Выбрать главу

Я замечал изменения курса и крена судна примерно первые двадцать раз, когда они происходили: над моей каютой всегда раздавались крики и топот ног, когда переставляли паруса. В конце концов — как и все ритмы и распорядок морской жизни — эти нарушения перестали поддаваться сознательному наблюдению, за исключением тех случаев, когда они заставляли меня терять равновесие или опрокидывали свечу на стол.

То, что мы действительно находились далеко к северу от Бергена — возможно, в четырехстах или пятистах милях, — стало совершенно очевидно, как только я поднялся по трапу (я бы назвал его трапом кают-компании), который привел меня на верхнюю палубу, или квартердек. Ветер хлестал меня с нарастающей, безличной злобой, по мере того как я поднимался ступенька за ступенькой, пока его яростная сила не обрушилась на все мое тело.

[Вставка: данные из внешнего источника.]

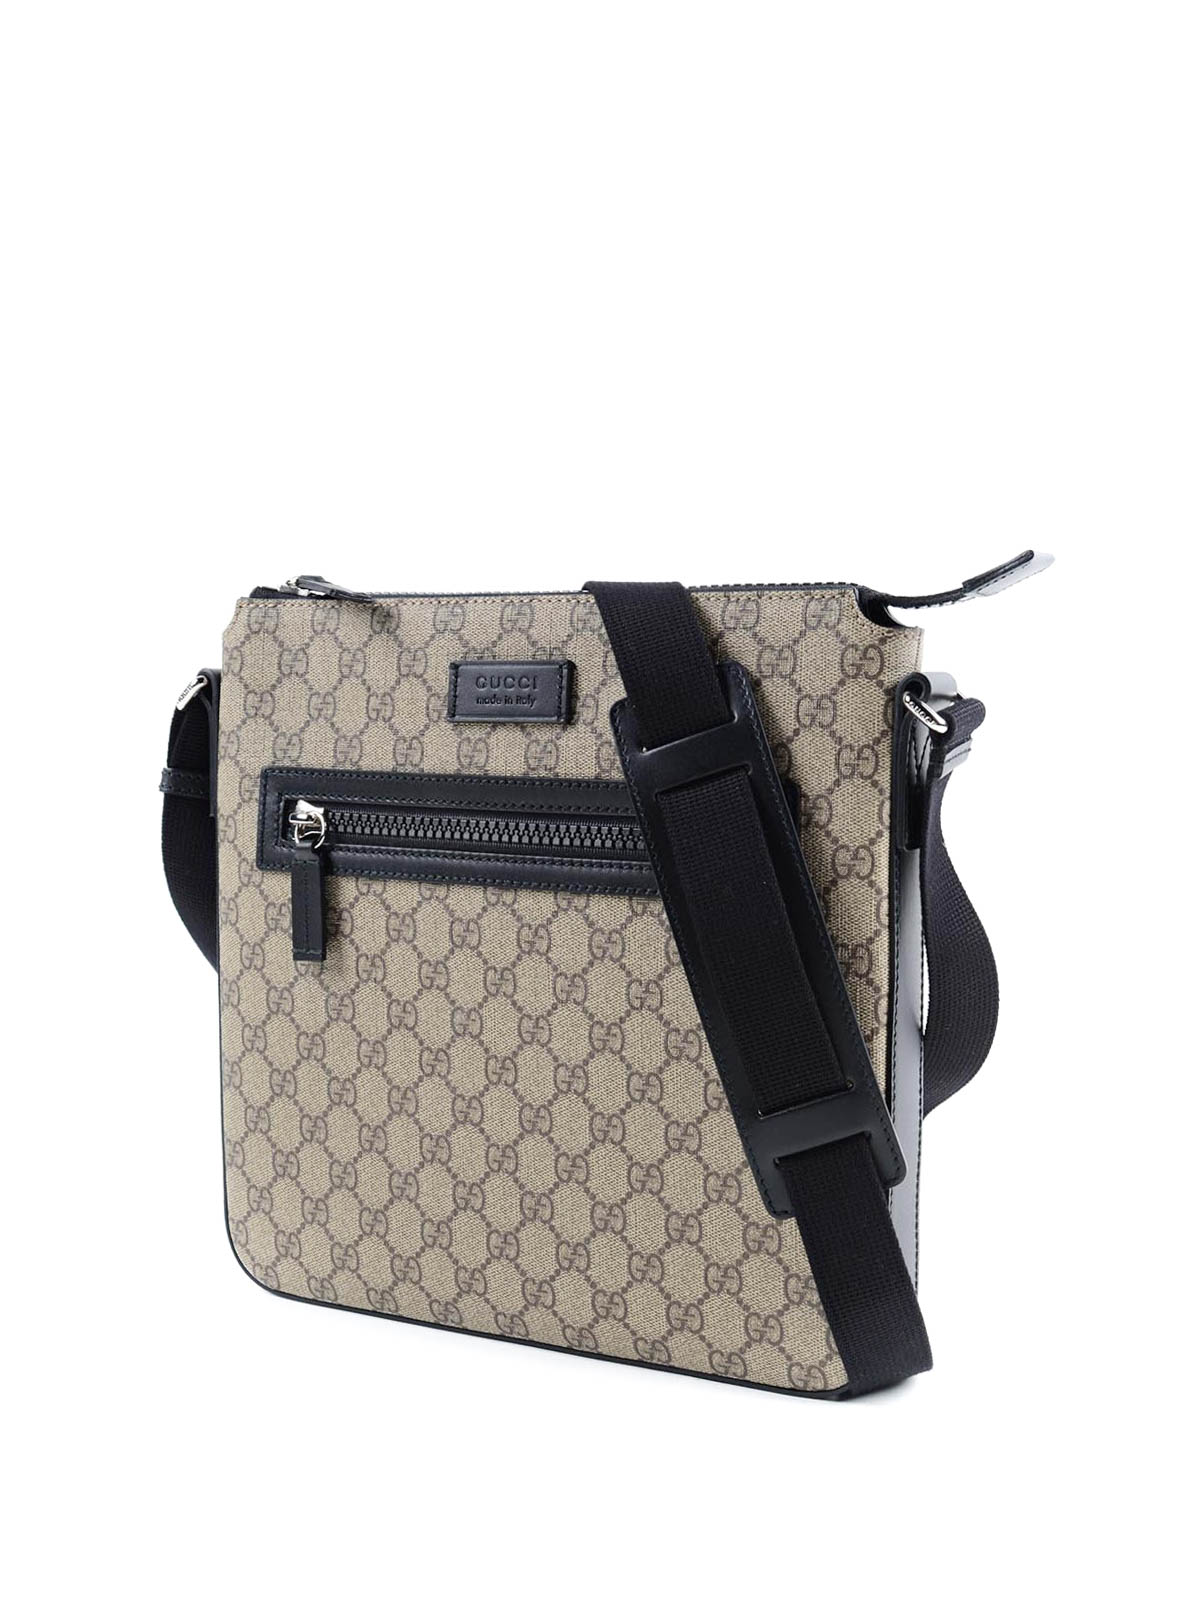 GG Supreme crossbody by Gucci - cross body bags | Shop online at www.bagssaleusa.com/product-category/shoes/

Обшивка была обледенелой. Штурвал находился ближе к корме, чем трап, поэтому мне пришлось сопротивляться порывам ветра, который заставлял меня скользить по квартердеку. К этому моменту, однако, я научился подражать устойчивой позе бывалых матросов, расставлявших ноги, не только потому, что эта привычная поза помогала продвигаться по качающейся, скользкой палубе, но и потому, что она помогала бороться с морской болезнью, которой я оказался чрезвычайно подвержен. Людям казалось забавным, что из всех болезней, которые могли постигнуть их врача, я страдал от той, от которой не было готового лекарства, кроме времени.

Я прошел по продуваемому ветром квартердеку. Заметил троих мужчин, стоявших рядом у штурвала. Одним из них был капитан, другим — Топольский (ни один другой мужчина не обладал таким телосложением), но третьего было трудно опознать. Я не думал, что это была миледи Косайл или кто-то из старших офицеров, так что, за исключением Рамоса, оставался один из двух других мужчин, которых Топольский доставил на борт: месье Дюпен или герр Брукер, оба они были примерно одинакового роста. Я продолжал осторожно продвигаться вперед, позволив своему взгляду подняться к парусам, такелажу и небесным глубинам за ними. Было десять часов вечера, и небо было чистым, неподвижным и прозрачным. Высоко над нами висела Полярная звезда, и полная луна превращала корабль в мерцающее призрачно-голубое видение, призрачное, за исключением тех мест, где виднелось оранжевое пятно от жаровни, фонаря или поднесенной ко рту качающейся трубки.

По левому борту простиралась необъятная темная, покрытая пеной вода, раскинувшаяся до самого черного горизонта. По правому борту, к востоку от нас, возвышалась сплошная стена морских утесов, скалистых и бесплодных, подчеркиваемых полосами прибоя. Мы находились примерно в миле от этих скал и плыли рядом с ними — с учетом зигзагообразного курса корабля — с тех пор, как покинули Берген.

Время от времени попадались бухточки или островки, которые скрашивали скуку, но общее впечатление было каким-то унылым повторением одного и того же рисунка, как будто из рулона обоев сделали сплошную тошнотворную полоску. Я удивлялся, как даже самый опытный штурман может быть уверен в нашем нынешнем местоположении. Ван Вут показал мне свои карты сразу после Бергена. Сначала они казались составленными довольно точно, когда каждая крошечная деталь побережья была нанесена на карту и названа, но затем с увеличением широты становились все менее детальными. Несколько дней назад он перестал определять острова и бухты, полагаясь вместо этого на звездные измерения и сверяясь с хронометрами и таблицами. Это было легче сказать, чем выполнить на корабле в бурных водах, часто под облачным небом.

Я оказался в пределах слышимости разговора трех мужчин и опознал Дюпена как третьего члена группы. Ван Вут держал руки на штурвале, Топольский — рядом с ним; обветренные черты капитана освещались слабым светом его трубки. Если бы его нарисовал Рембрандт, он вполне мог бы сойти за какого-нибудь библейского патриарха-стоика невероятного возраста. Капитану было около пятидесяти, но выглядел он старше, как это часто бывает с людьми, долго пробывшими в море. У него была борода и похожие на выступы торчащие усы, жесткие, как щетина старой и надежной метлы.

— Как поживает коронель Рамос, доктор Коуд? Мастер Топольский сказал мне, что вы просверлили ему мозги.